You can also swap keys and values from an existing dictionary in a single expression. This is a common interview question and a genuinely practical operation when you need a reverse-lookup table:

original = {"a": 1, "b": 2, "c": 3}
inverted = {v: k for k, v in original.items()}
print(inverted)
# {1: 'a', 2: 'b', 3: 'c'}
Warning

Inverting a dictionary is only safe when values are unique. If two keys share the same value, the last key to be processed wins, and data is silently lost. Always verify uniqueness before inverting, or use a different structure such as a dict of lists to handle collisions.

Dictionary comprehensions can iterate over any iterable that yields items, not just sequences. Iterating over a string produces characters, which can be used as keys:

# Character-to-position mapping (last occurrence wins for duplicates)
text = "hello"
positions = {char: idx for idx, char in enumerate(text)}
print(positions)
# {'h': 0, 'e': 1, 'l': 3, 'o': 4}

Nested comprehensions are syntactically legal but should be used with restraint. A two-level nest is often readable; three or more levels usually warrants a refactor into named variables or helper functions.

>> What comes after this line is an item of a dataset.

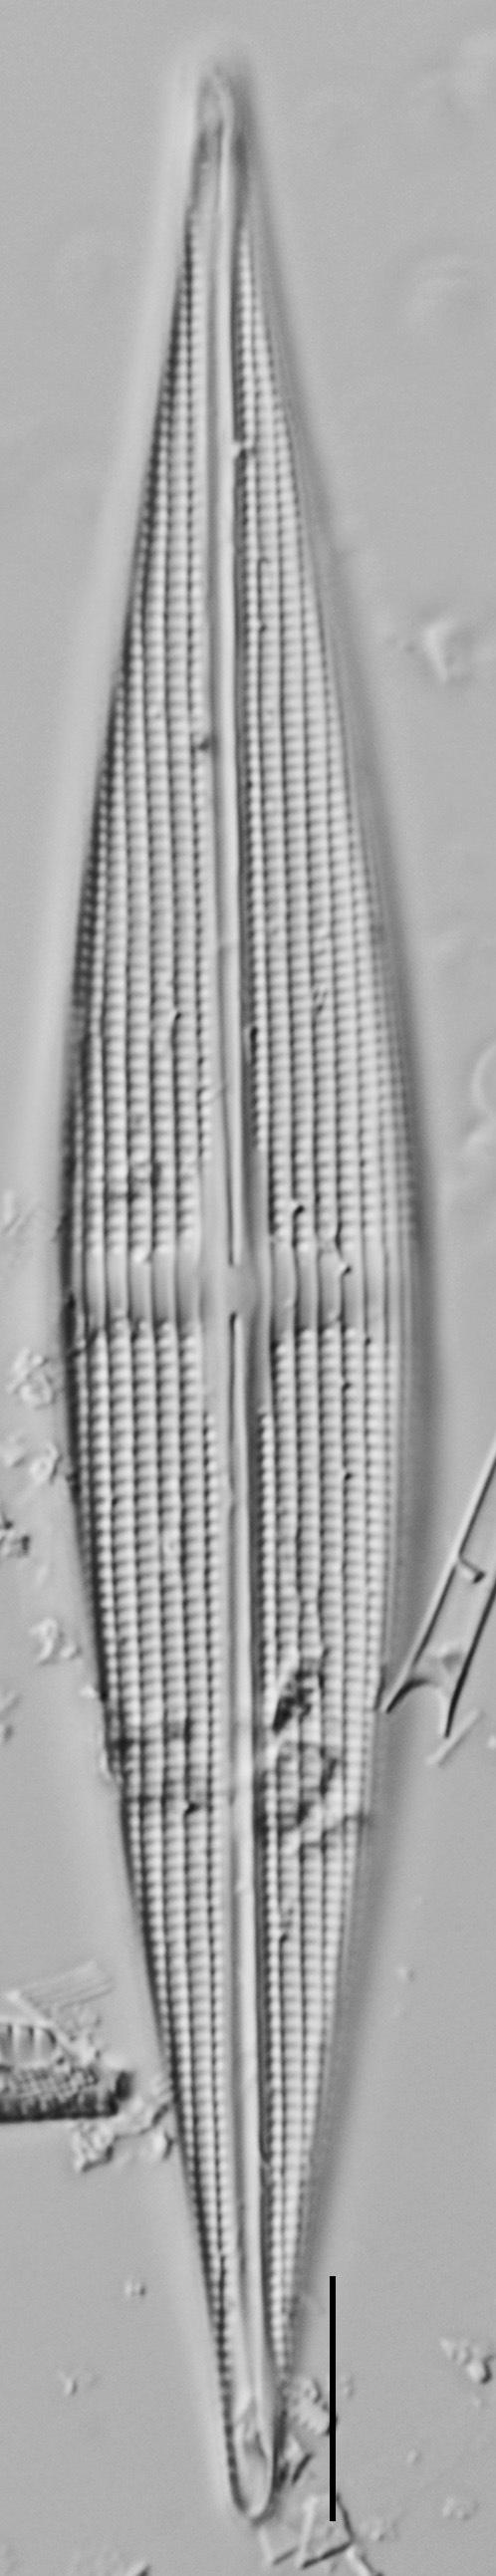 Stauroneis staurolineata LM4

"Flat is better than nested." — Tim Peters, The Zen of Python (PEP 20)

Using enumerate() to Generate Index-Based Dictionaries

enumerate() is a built-in that pairs each element of an iterable with its zero-based index (or a custom start value), yielding two-tuples of (index, value). Passing its output to dict() produces an integer-keyed dictionary:

fruits = ["apple", "banana", "cherry"]
indexed = dict(enumerate(fruits))
print(indexed)
# {0: 'apple', 1: 'banana', 2: 'cherry'}

The optional start parameter shifts the index base. This is useful when your domain convention uses 1-based numbering, such as question numbers in a quiz or row numbers in a spreadsheet:

questions = [
    "What is a variable?",
    "What is a loop?",
    "What is a function?"
]
quiz = dict(enumerate(questions, start=1))
print(quiz)
# {1: 'What is a variable?', 2: 'What is a loop?', 3: 'What is a function?'}

More often you will want the value as the key and derive the value from computation. That is a job for a dictionary comprehension that calls enumerate() internally:

# Map each fruit to its 1-based rank
rank_map = {fruit: idx for idx, fruit in enumerate(fruits, start=1)}
print(rank_map)
# {'apple': 1, 'banana': 2, 'cherry': 3}

This pattern appears constantly in natural language processing when building vocabulary mappings, where each unique word in a corpus needs to map to an integer token ID. It also shows up in any situation where you need fast O(1) reverse-lookup from a pre-ordered list.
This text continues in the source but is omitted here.